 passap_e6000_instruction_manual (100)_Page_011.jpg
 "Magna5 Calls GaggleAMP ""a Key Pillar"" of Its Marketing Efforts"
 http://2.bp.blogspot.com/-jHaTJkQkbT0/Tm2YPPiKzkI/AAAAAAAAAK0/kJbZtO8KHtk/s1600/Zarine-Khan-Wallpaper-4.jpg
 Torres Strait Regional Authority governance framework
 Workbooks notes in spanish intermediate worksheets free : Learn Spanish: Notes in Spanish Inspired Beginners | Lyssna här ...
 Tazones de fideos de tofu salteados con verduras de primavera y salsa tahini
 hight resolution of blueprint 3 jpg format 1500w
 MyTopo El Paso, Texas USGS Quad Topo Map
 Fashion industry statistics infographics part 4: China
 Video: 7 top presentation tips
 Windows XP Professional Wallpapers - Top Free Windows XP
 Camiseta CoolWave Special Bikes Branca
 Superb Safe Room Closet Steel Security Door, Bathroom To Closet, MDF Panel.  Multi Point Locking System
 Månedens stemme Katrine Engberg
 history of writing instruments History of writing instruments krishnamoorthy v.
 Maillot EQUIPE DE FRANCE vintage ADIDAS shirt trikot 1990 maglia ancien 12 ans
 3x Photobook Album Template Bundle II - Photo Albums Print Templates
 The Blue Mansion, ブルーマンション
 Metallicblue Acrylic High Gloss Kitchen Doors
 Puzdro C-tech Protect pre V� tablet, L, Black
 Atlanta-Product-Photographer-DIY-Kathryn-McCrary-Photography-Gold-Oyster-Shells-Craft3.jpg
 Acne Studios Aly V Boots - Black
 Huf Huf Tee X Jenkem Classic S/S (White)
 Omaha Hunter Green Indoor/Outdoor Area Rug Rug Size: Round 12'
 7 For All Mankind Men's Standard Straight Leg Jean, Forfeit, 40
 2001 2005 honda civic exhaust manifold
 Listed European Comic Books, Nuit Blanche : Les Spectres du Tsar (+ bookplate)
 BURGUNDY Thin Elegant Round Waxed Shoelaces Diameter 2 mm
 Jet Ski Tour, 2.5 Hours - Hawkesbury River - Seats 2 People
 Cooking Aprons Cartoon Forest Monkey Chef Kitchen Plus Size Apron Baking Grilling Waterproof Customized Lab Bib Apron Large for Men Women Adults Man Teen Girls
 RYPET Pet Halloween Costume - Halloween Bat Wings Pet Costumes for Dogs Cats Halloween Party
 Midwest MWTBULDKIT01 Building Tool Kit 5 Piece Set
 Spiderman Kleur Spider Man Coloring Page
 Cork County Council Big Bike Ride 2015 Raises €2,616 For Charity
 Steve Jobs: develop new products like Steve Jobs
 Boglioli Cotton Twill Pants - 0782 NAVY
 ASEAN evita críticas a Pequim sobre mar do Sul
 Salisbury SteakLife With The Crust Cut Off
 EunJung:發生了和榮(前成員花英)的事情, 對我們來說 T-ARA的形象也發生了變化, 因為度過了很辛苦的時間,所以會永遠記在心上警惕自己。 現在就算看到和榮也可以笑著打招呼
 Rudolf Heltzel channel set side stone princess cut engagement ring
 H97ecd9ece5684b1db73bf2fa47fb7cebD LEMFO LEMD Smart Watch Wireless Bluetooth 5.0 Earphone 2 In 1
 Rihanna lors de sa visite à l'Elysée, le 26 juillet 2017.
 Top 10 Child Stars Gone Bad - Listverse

####################

Reproduce the entries exactly as they appear.

EXERCISE RESULT ▸
 passap_e6000_instruction_manual (100)_Page_011.jpg
 "Magna5 Calls GaggleAMP ""a Key Pillar"" of Its Marketing Efforts"
 http://2.bp.blogspot.com/-jHaTJkQkbT0/Tm2YPPiKzkI/AAAAAAAAAK0/kJbZtO8KHtk/s1600/Zarine-Khan-Wallpaper-4.jpg
 Torres Strait Regional Authority governance framework
 Workbooks notes in spanish intermediate worksheets free : Learn Spanish: Notes in Spanish Inspired Beginners | Lyssna här ...
 Tazones de fideos de tofu salteados con verduras de primavera y salsa tahini
 hight resolution of blueprint 3 jpg format 1500w
 MyTopo El Paso, Texas USGS Quad Topo Map
 Fashion industry statistics infographics part 4: China
 Video: 7 top presentation tips
 Windows XP Professional Wallpapers - Top Free Windows XP
 Camiseta CoolWave Special Bikes Branca
 Superb Safe Room Closet Steel Security Door, Bathroom To Closet, MDF Panel.  Multi Point Locking System
 Månedens stemme Katrine Engberg
 history of writing instruments History of writing instruments krishnamoorthy v.
 Maillot EQUIPE DE FRANCE vintage ADIDAS shirt trikot 1990 maglia ancien 12 ans
 3x Photobook Album Template Bundle II - Photo Albums Print Templates
 The Blue Mansion, ブルーマンション
 Metallicblue Acrylic High Gloss Kitchen Doors
 Puzdro C-tech Protect pre V� tablet, L, Black
 Atlanta-Product-Photographer-DIY-Kathryn-McCrary-Photography-Gold-Oyster-Shells-Craft3.jpg
 Acne Studios Aly V Boots - Black
 Huf Huf Tee X Jenkem Classic S/S (White)
 Omaha Hunter Green Indoor/Outdoor Area Rug Rug Size: Round 12'
 7 For All Mankind Men's Standard Straight Leg Jean, Forfeit, 40
 2001 2005 honda civic exhaust manifold
 Listed European Comic Books, Nuit Blanche : Les Spectres du Tsar (+ bookplate)
 BURGUNDY Thin Elegant Round Waxed Shoelaces Diameter 2 mm
 Jet Ski Tour, 2.5 Hours - Hawkesbury River - Seats 2 People
 Cooking Aprons Cartoon Forest Monkey Chef Kitchen Plus Size Apron Baking Grilling Waterproof Customized Lab Bib Apron Large for Men Women Adults Man Teen Girls
 RYPET Pet Halloween Costume - Halloween Bat Wings Pet Costumes for Dogs Cats Halloween Party
 Midwest MWTBULDKIT01 Building Tool Kit 5 Piece Set
 Spiderman Kleur Spider Man Coloring Page
 Cork County Council Big Bike Ride 2015 Raises €2,616 For Charity
 Steve Jobs: develop new products like Steve Jobs
 Boglioli Cotton Twill Pants - 0782 NAVY
 ASEAN evita críticas a Pequim sobre mar do Sul
 Salisbury SteakLife With The Crust Cut Off
 EunJung:發生了和榮(前成員花英)的事情, 對我們來說 T-ARA的形象也發生了變化, 因為度過了很辛苦的時間,所以會永遠記在心上警惕自己。 現在就算看到和榮也可以笑著打招呼
 Rudolf Heltzel channel set side stone princess cut engagement ring
 H97ecd9ece5684b1db73bf2fa47fb7cebD LEMFO LEMD Smart Watch Wireless Bluetooth 5.0 Earphone 2 In 1
 Rihanna lors de sa visite à l'Elysée, le 26 juillet 2017.
 Top 10 Child Stars Gone Bad - Listverse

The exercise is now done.